Clear the server's cached data by restarting the named daemon. For example:

sys12# svcs -a | grep dns

online          5:09:02 svc:/network/dns/client:default

online          5:09:25 svc:/network/dns/server:default

sys12# svcadm disable svc:/network/dns/server:default

sys12# svcs -a | grep dns

disabled        6:54:30 svc:/network/dns/server:default

online          5:09:02 svc:/network/dns/client:default

sys12# svcadm enable svc:/network/dns/server:default

sys12# svcs -a | grep dns

online          5:09:02 svc:/network/dns/client:default

online          6:54:45 svc:/network/dns/server:default

Verify that the cache has been cleared using the rndc command:

sys12# rndc dumpdb

sys12# cat /var/named/named_dump.db

;

; Cache dump of view '_default'

;

$DATE 20050112135516

You can use the rndc utility with the reconfig command to cause the named process to reload its configuration file and implement any changes to the zone files as follows:

sys12# rndc reconfig

-----

S10

Administrators use the remote name daemon control program (rndc) to control the operation of a name server. Name servers have always been controlled by administrators sending signals, such as SIGHUP and SIGINT. The rndc utility provides a finer granularity of control, and it can be used both interactively and non-interactively.
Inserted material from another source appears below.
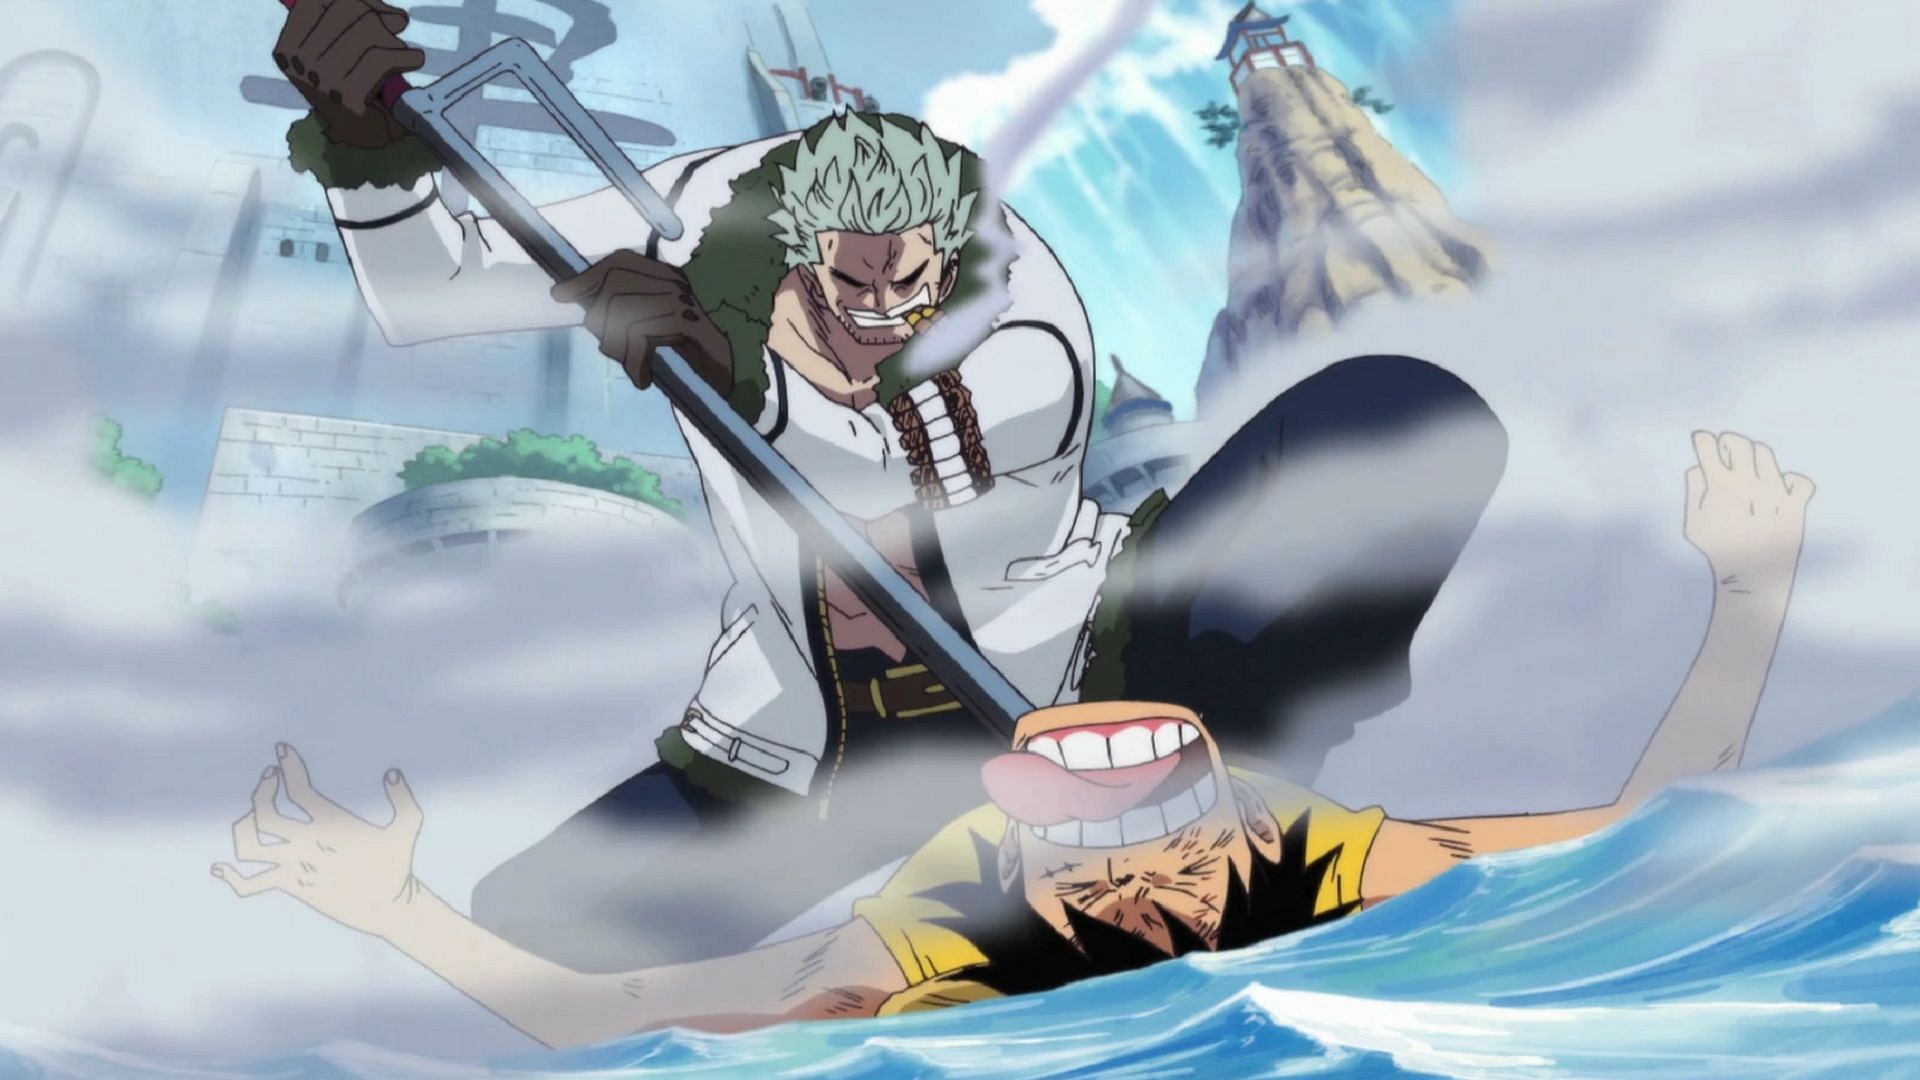 In the first half of the story, Smoker frequently beat Luffy, but also started to respect him, seeing him more as an individual than a pirate (Image via Toei Animation, One Piece)

As of the Solaris 10 OS, the rndc utility replaces the ndc utility as the name daemon control

application. A significant difference between ndc in BIND 8 and rndc in BIND 9 is that rndc uses its own configuration file, rndc.conf.

Securing Control Sessions

The rndc utility supports security using key-based authentication. Remote clients are authorized

specifically to control the daemon by establishing, configuring and using secret keys. Implementing this security requires an rndc-key reference entry in the /etc/name.conf file and the appropriate key information in the rndc.conf file.

Without a rndc-key reference in the /etc/named.conf file, the following messages appear in the

/var/adm/messages file:

Jan 12 08:22:12 sys12 named[1346]: [ID 873579 daemon.notice] /

command channel listening on 127.0.0.1#953

Jan 12 08:22:12 sys12 named[1346]: [ID 873579 daemon.notice] /

couldn't add command channel ::1#953: address not available

You can continue to use the rndc utility, albeit in a non-secure manner.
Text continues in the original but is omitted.